Was it all worth it in the end?
by Clouded Dawn
Summary: A young boy misunderstands what it's truly like in the world of Pokemon, he wasn't prepared for how dark it really was. Rated M just in case. Review as you please.


Was it all worth it in the end?

Was it worth it? I thought as I was running in the dark forest, the dark eerie sounds rushed through my eyes as I ran and the trees seemed to cave into me. My thoughts were cloudy with doubt, worry and fear of what's to come of me next, my arm is limp and covers with blood and my vision is starting to blur. I tripped on what seemed to be a tree root in the ground and onto a pile of leafs in the middle of an opening in the forest, my body going numb and I was unable to move any longer. I heard barking in the distance get closer and closer, rustling of leaves of people coming to get me, all the worked on my body now was my ears and my brain, my vision was too blurred by the night. All I could think about is what I'd done and all that could come out of my mouth was, "Was it worth it in the end?"

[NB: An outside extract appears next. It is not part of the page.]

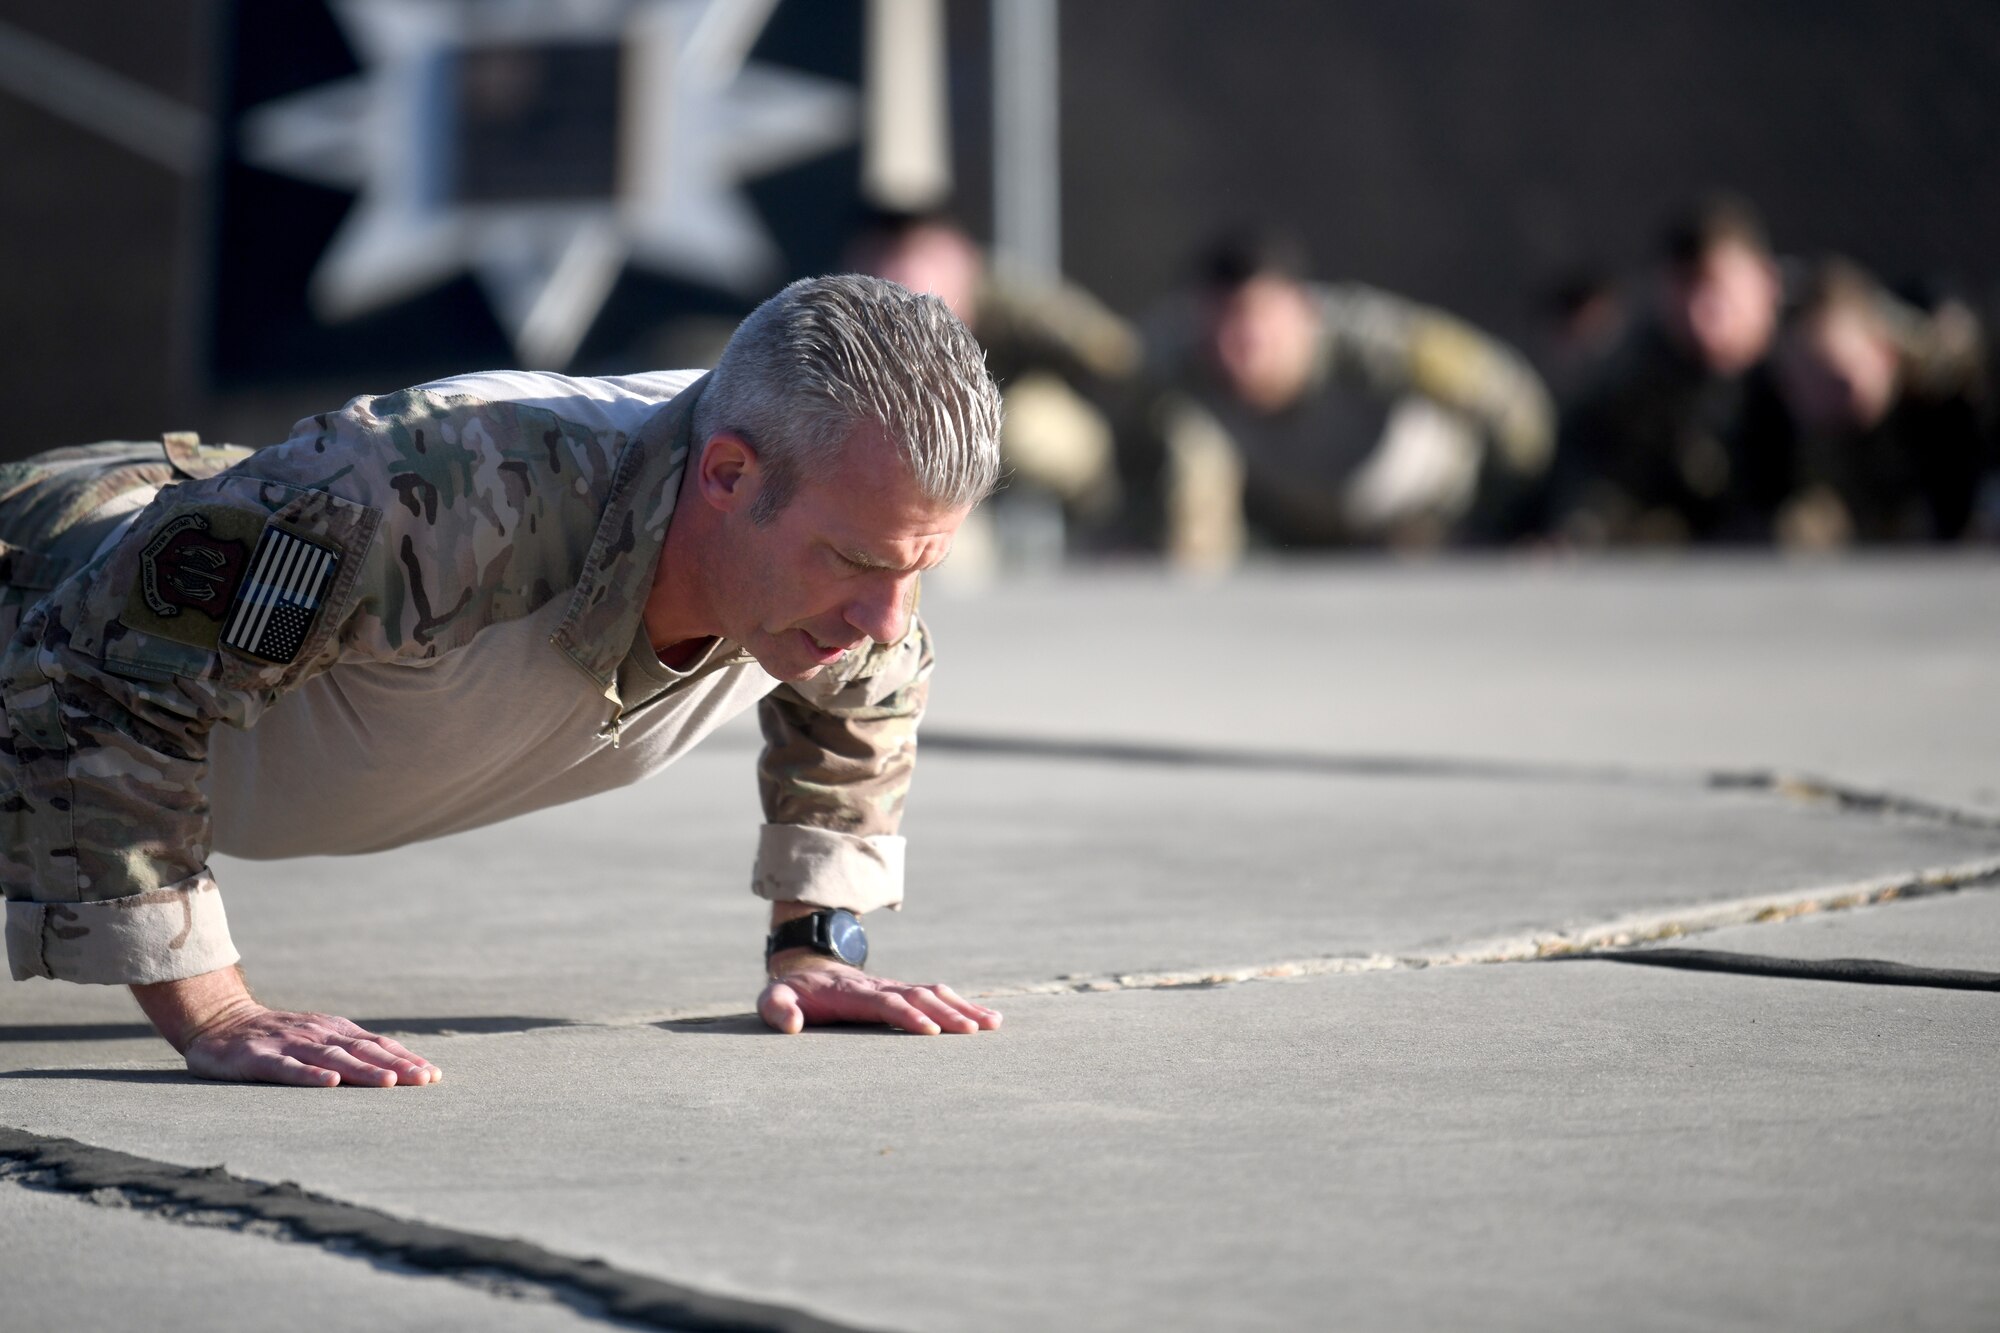 U.S. Air Force Chief Master Sgt. Todd Popovic, Special Warfare Training Wing command chief, leads participants in Memorial pushups during a rededication ceremony in honor of U.S. Air Force Lt. Col. William Schroeder and U.S. Air Force Staff Sgt. Scott Sather at the SWTW training compound Joint Base San Antonio, Chapman Training Annex, Apr. 8, 2022.  The wing and echelon units hosted a two and one-half mile ruck march followed by Memorial pushups and the unveiling of refitted memorials in coordination with Gold Star families (U.S. Air Force photo by Brian Boisvert)
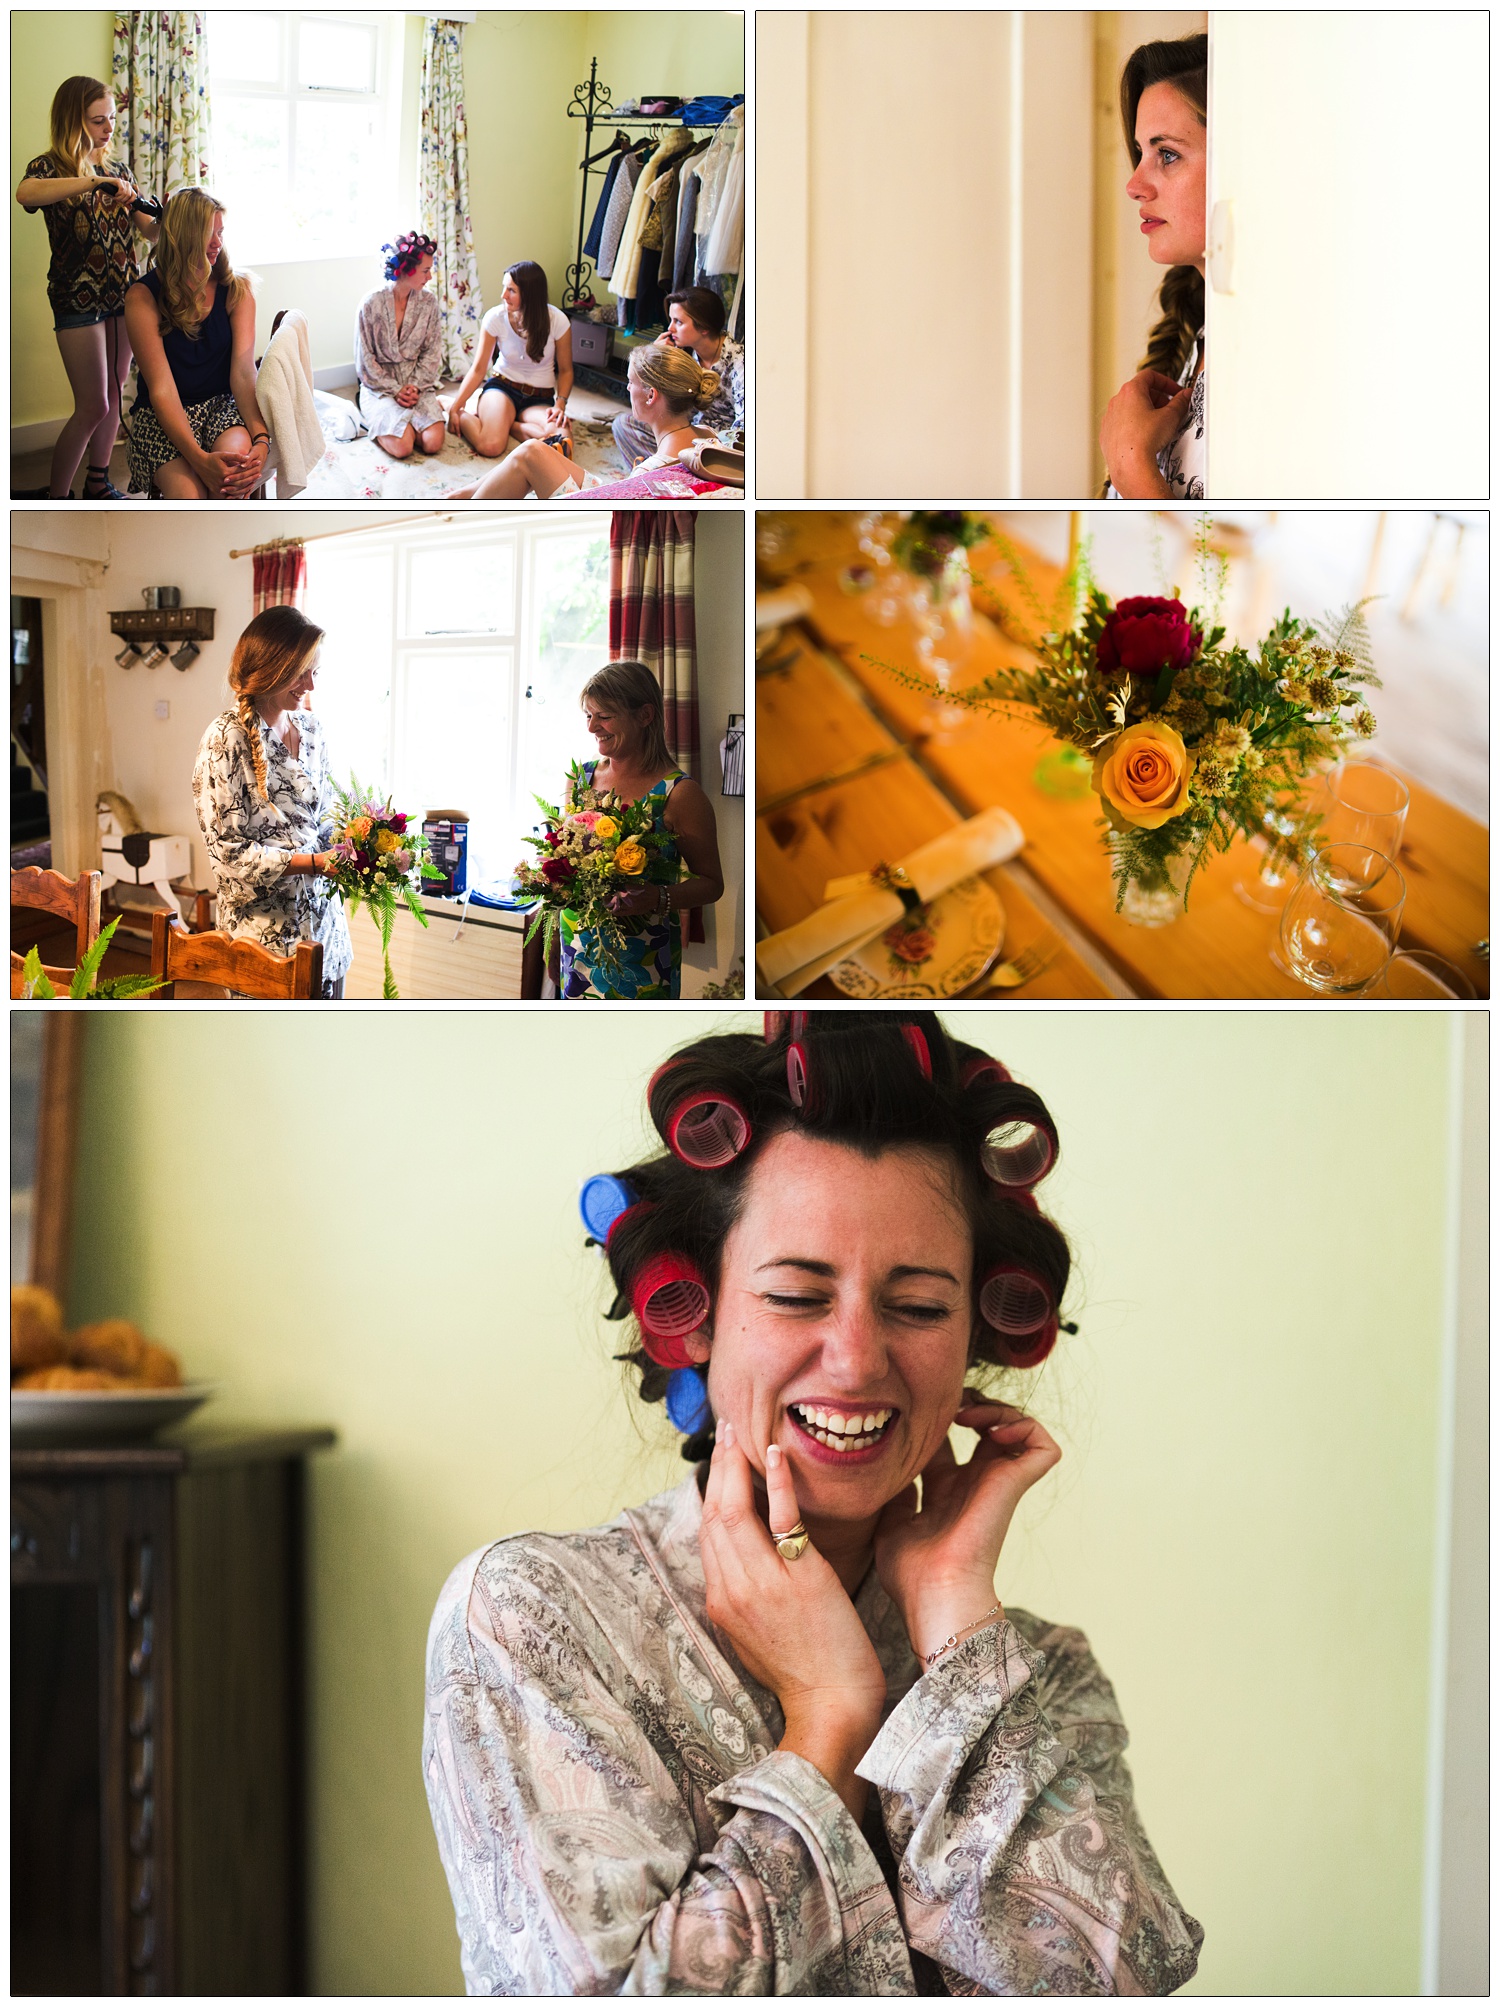 Bride laughs with rollers in her hair.

This all started when I told my mother one day months ago when I told my mother those fateful words, "I'm off mom, I'm starting my journey today!" She pled that I wait a few more years till I was older, but I couldn't wait. I was finally ten years old and ready to start, that was the minimum age to start but recommended I have someone with me to help me out; I was stubborn and said I'd be fine on my own. Boy was I wrong. At first I was fine with my first Pokémon at my side, but the world was completely different from what I was told, trainers game no pocket change to me if I beat them and I was broke with no money and unable to get food. It came down to it, after a week of no food, that I had to start a life of crime to keep alive in this world, this now changed world that wasn't the kindest to travelers like me. I was seen as a filthy boy and not worth the time, so in the night I started robbing those who spat at me in the daytime, taking food and whatever valuables I could get my hands on. My only Pokémon didn't like this life and neither did I, but I didn't want to see it suffer from a master that couldn't feed its own Pokémon and watch it starve to death.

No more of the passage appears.